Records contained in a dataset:
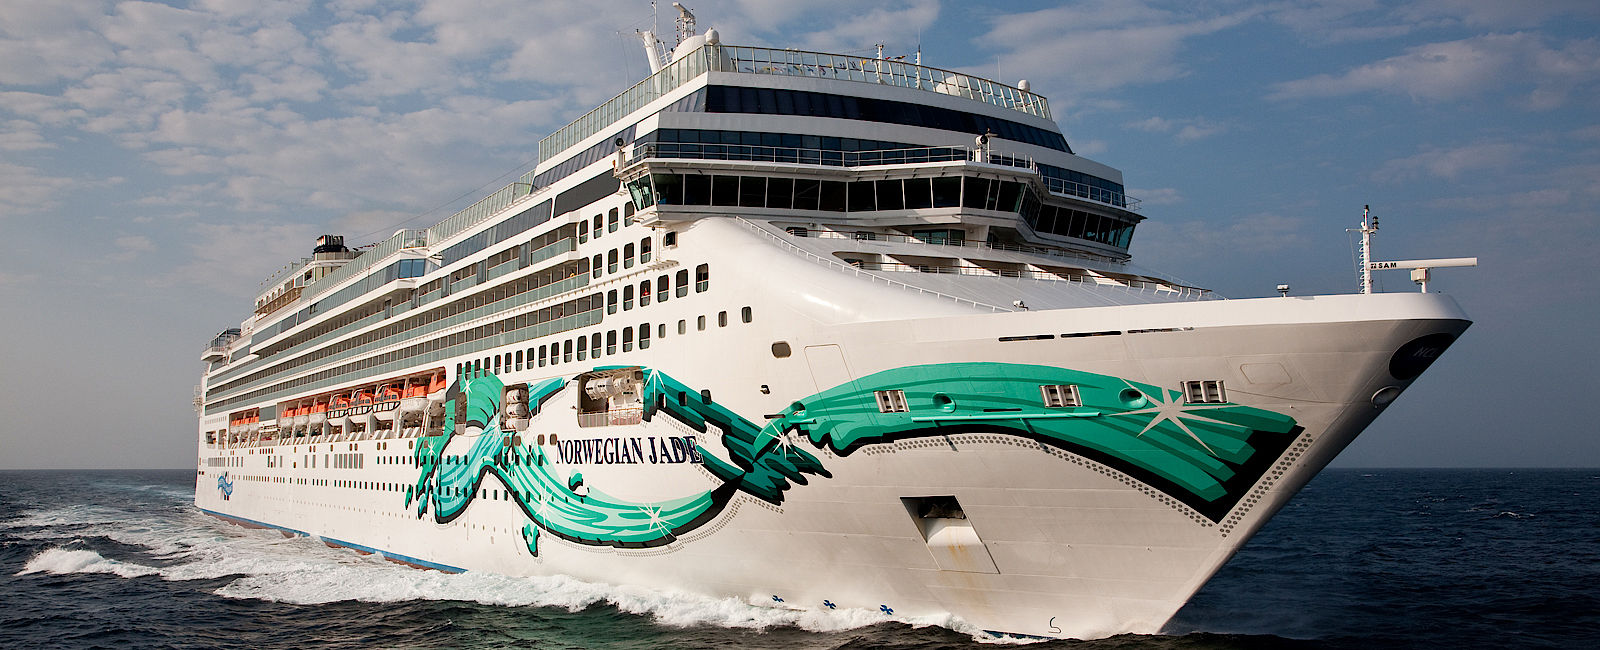 KREUZFAHRT NEWS
 Norwegian Cruise Line 
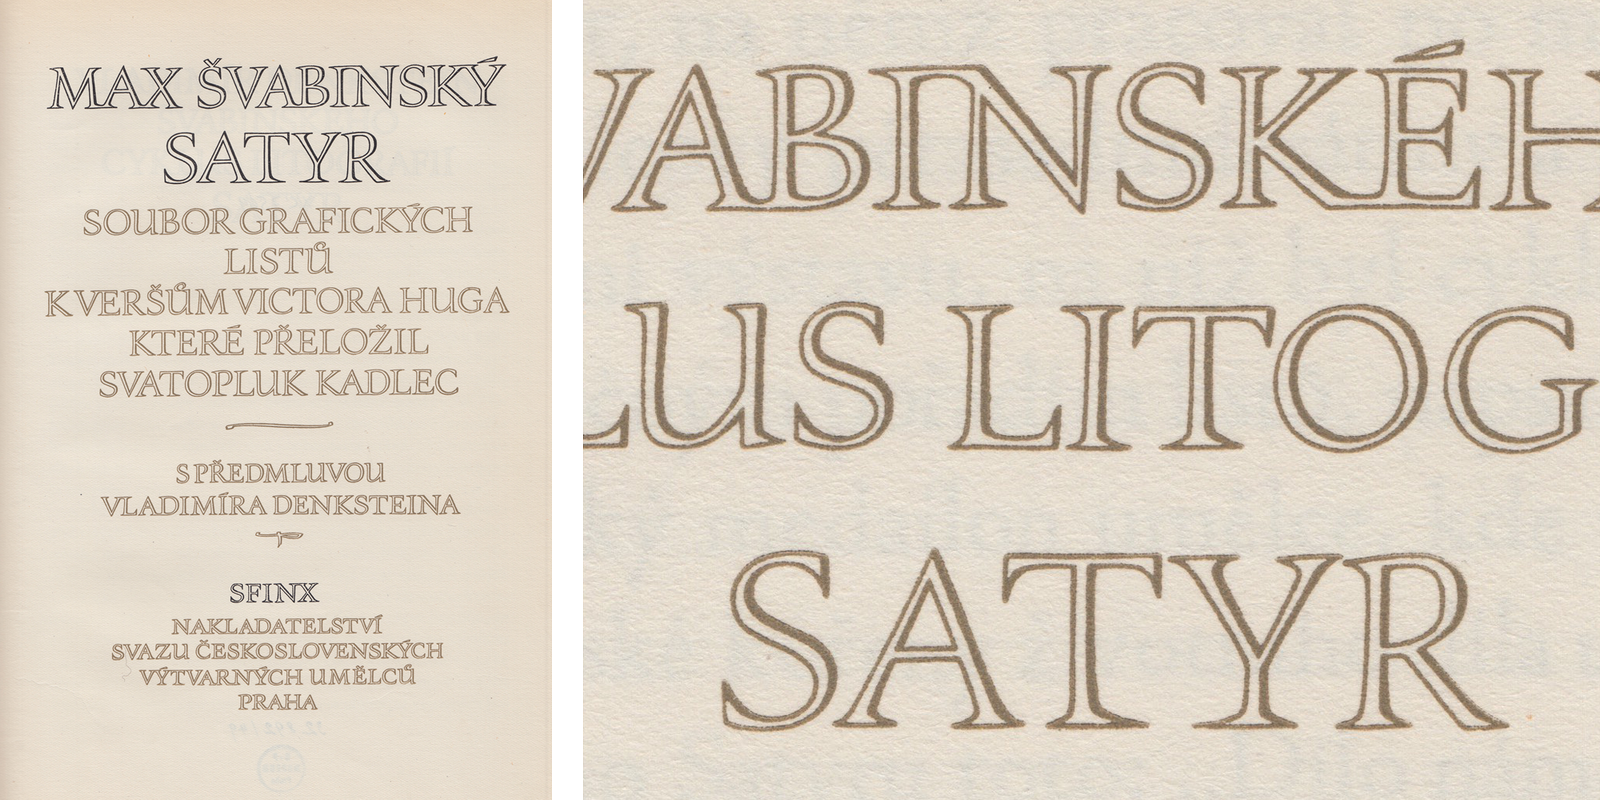 Titulní a předělový list publikace Satyr s Menhartovým titulním nápisem s neobvyklými ligaturami a charakteristickým stínováním. Vydalo nakladatelství Sfinx v Praze, 1949
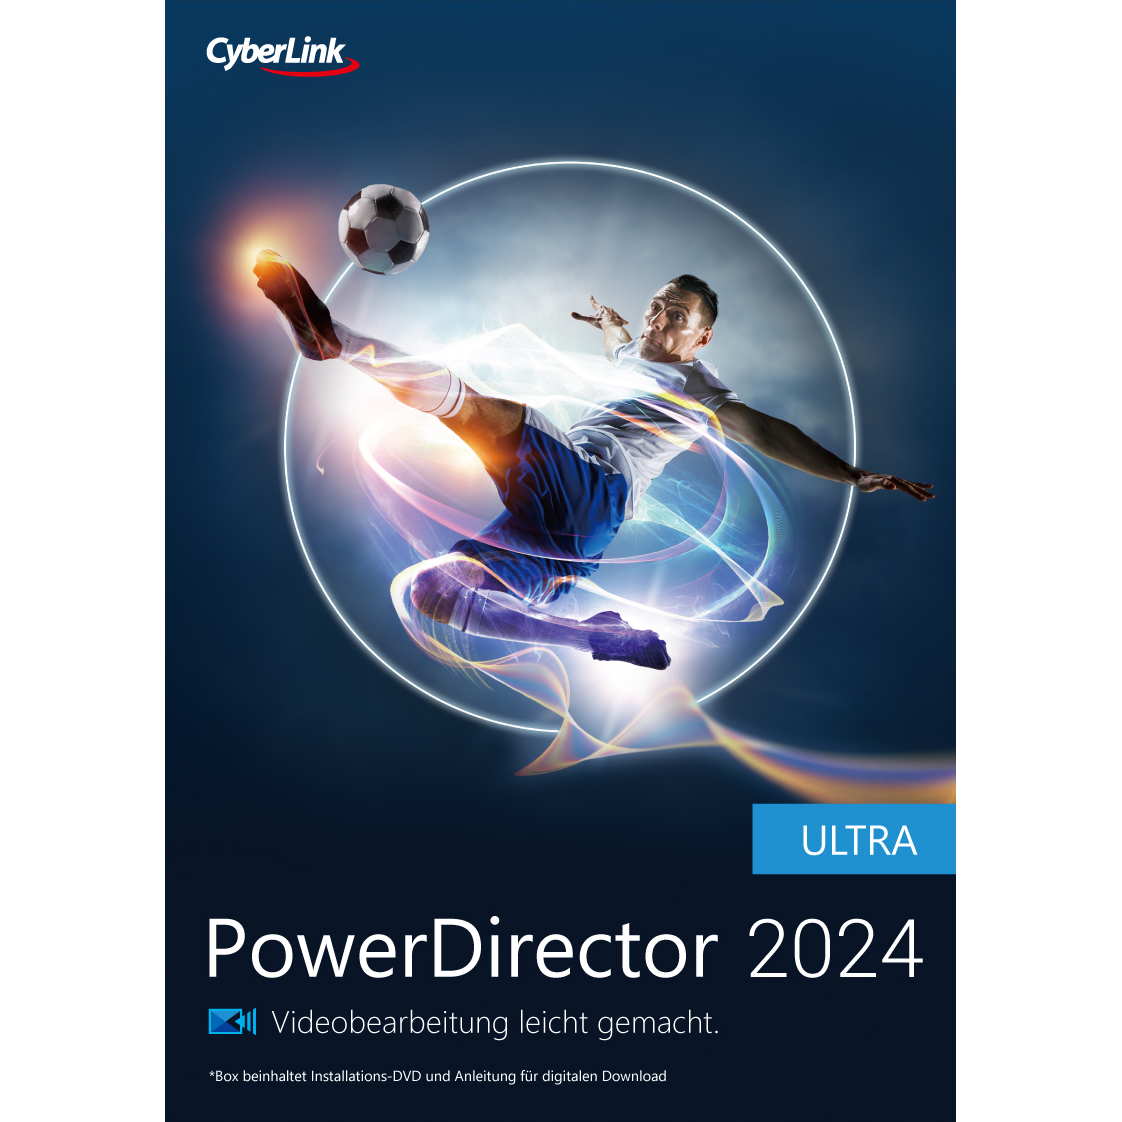 Cyberlink PowerDirector 2024 Ultra von Cyberlink
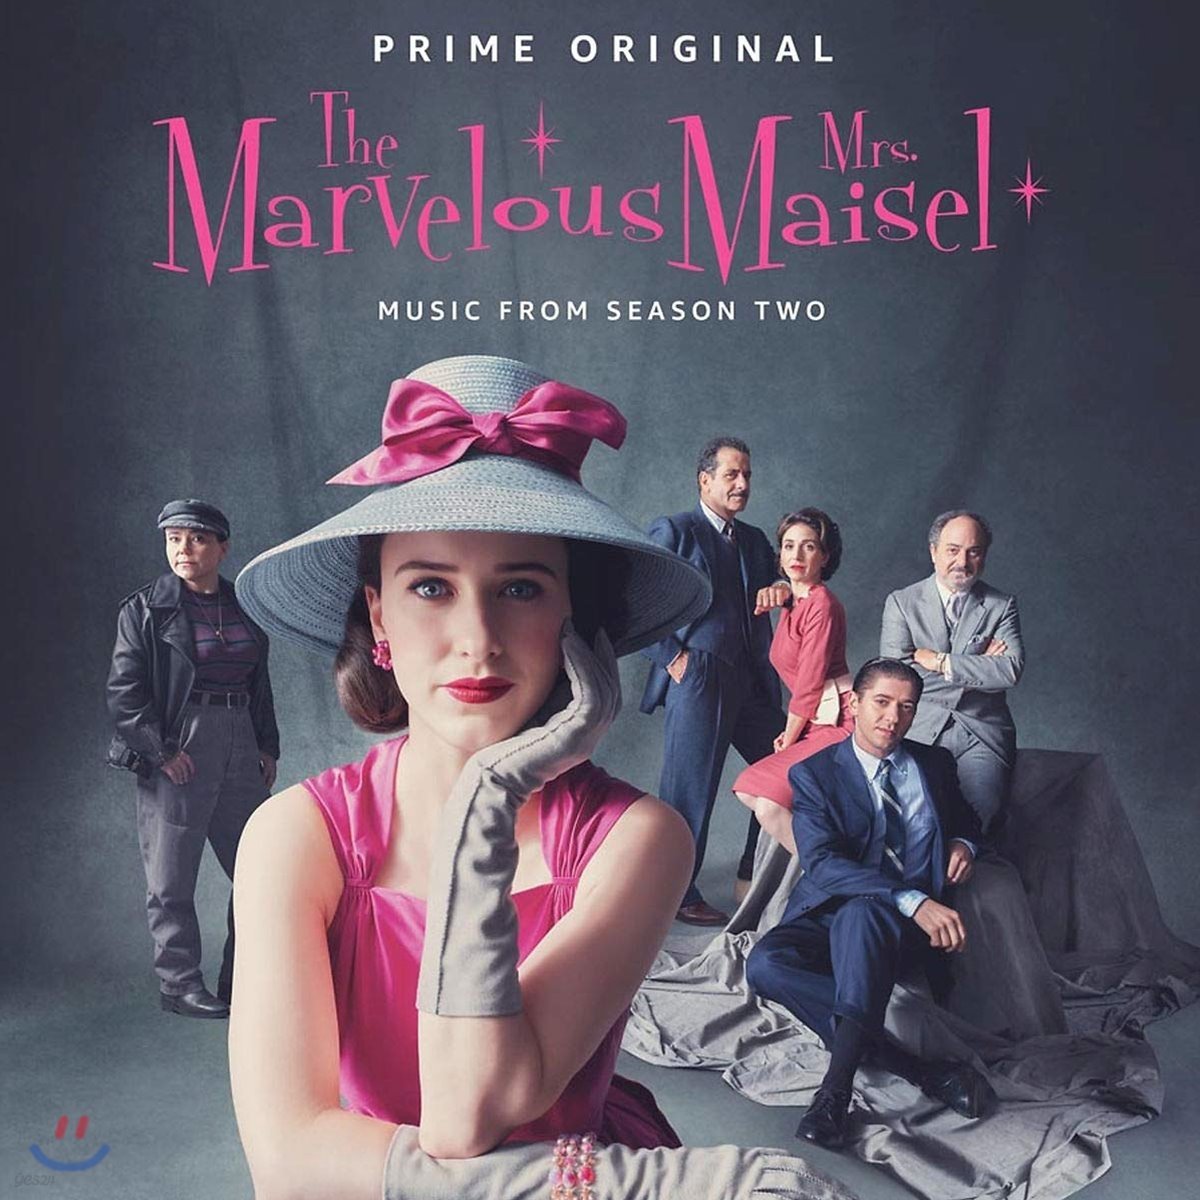 마블러브 미스 메이슬: 시즌 2 드라마 음악 (The Marvelous Mrs. Maisel: Season 2 OST)

Directions: Exactly the lines from the one with "Cyberlink PowerDirector 2024" through the end of the records are to be repeated, both ends included, and pictures are to be omitted.

Answer below:
 Cyberlink PowerDirector 2024 Ultra von Cyberlink
 마블러브 미스 메이슬: 시즌 2 드라마 음악 (The Marvelous Mrs. Maisel: Season 2 OST)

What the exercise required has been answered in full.